Some background: Science advances because we share ideas and methods

Scientific progress relies on the sharing of both scientific ideas and scientific methodology - “If I have seen further it is by standing on the shoulders of Giants” (https://en.wikipedia.org/wiki/Standing_on_the_shoulders_of_giants). The natural sciences advance not just when a researcher observes or understands a phenomenon, but also when we develop (and share) a new experimental technique (such as microscopy), a mathematical approach (e.g. calculus), or a new computational framework (such as multi scale modeling of chemical systems). This is most concretely illustrated by the practice of citation - when publishing, we cite the previous ideas we’re building on, the published methods we’re using, and the publicly available materials we relied upon. Science advances because of this sharing of ideas, and scientists are recognized for sharing ideas through citation and reputation.

Despite this, however, there are many barriers that lie in the way of freely sharing ideas and methods - ranging from cultural (e.g. peer review delays before publication) to economic (such as publishing behind a paywall) to methodological (for example, incomplete descriptions of procedures) to systemic (e.g. incentives to hide data and methods). Some of these barriers are well intentioned - peer review is intended to block incorrect work from being shared - while others, like closed access publishing, have simply evolved with science and are now vestigial.

So, what is open science??

Open science is the philosophical perspective that sharing is good and that barriers to sharing should be lowered as much as possible. The practice of open science is concerned with the details of how to lower or erase the technical, social, and cultural barriers to sharing. This includes not only what I think of as “the big three” components of open science -- open access to publications, open publication and dissemination of data, and open development, dissemination, and reuse of source code -- but also practice such as social media, open peer review, posting and publishing grants, open lab notebooks, and any other methods of disseminating ideas and methods quickly.

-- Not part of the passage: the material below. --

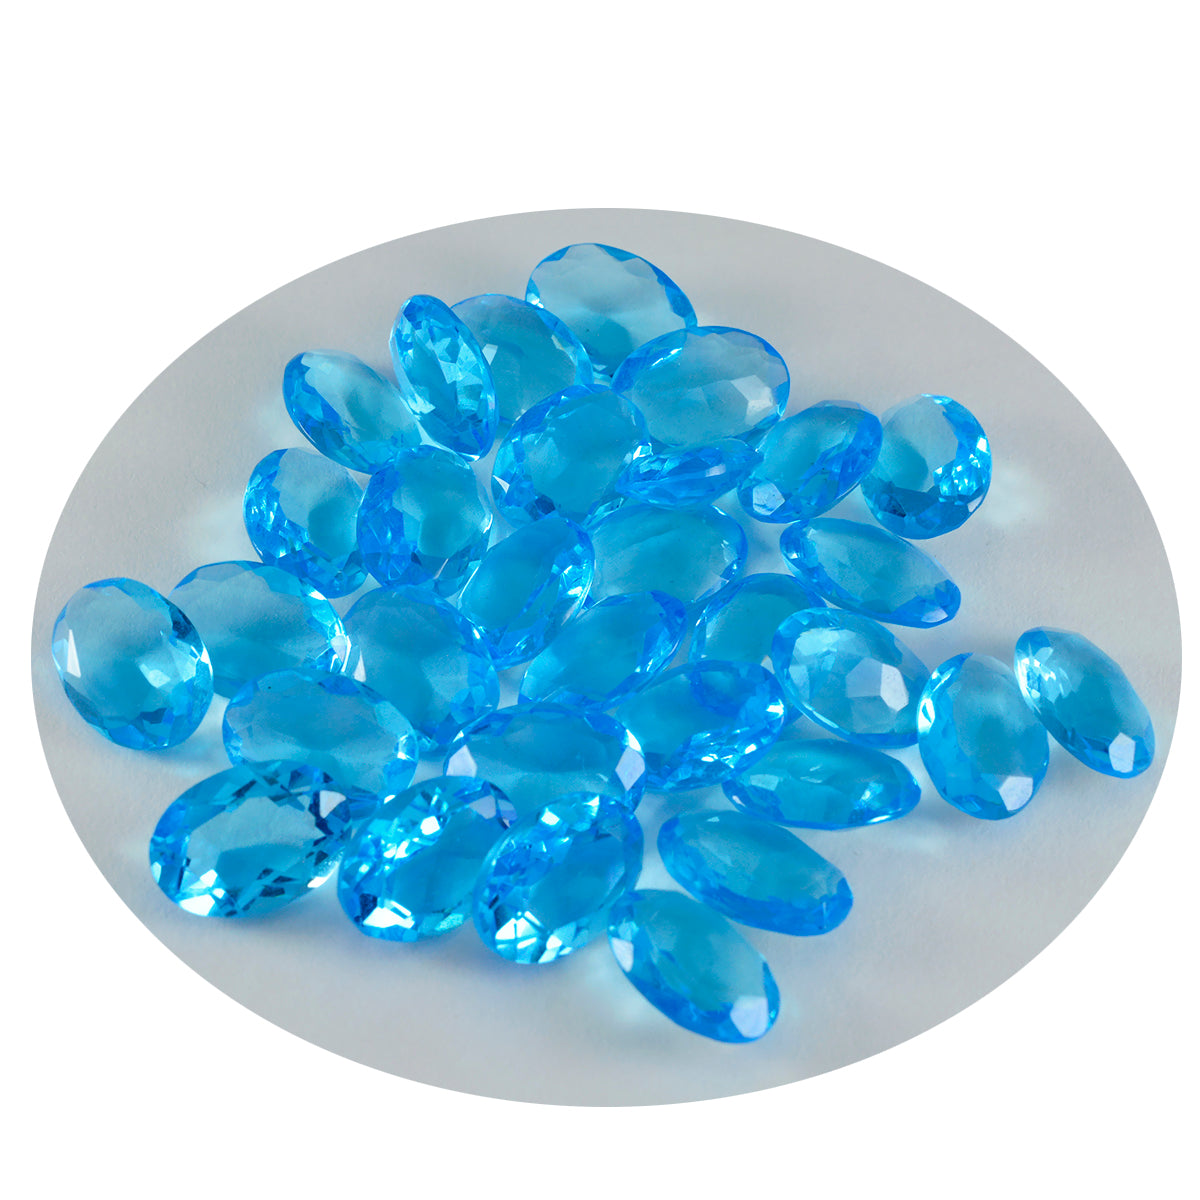 Riyogems 1PC Blue Topaz CZ gefacetteerd 7x9 mm ovale vorm mooie kwaliteitsedelsteen

The potential value of open science should be immediately obvious: easier and faster access to ideas, methods, and data should drive science forward faster! But open science can also aid with reproducibility and replication, decrease the effects of economic inequality in the sciences by liberating ideas from subscription paywalls, and provide reusable materials for teaching and training. And indeed, there is some evidence for many of these benefits of open science even in the short term (see How open science helps researchers succeed, McKiernan et al. 2016). This is why many funding agencies and institutions are pushing for more science to be done more openly and made available sooner - because they want to better leverage their investment in scientific progress.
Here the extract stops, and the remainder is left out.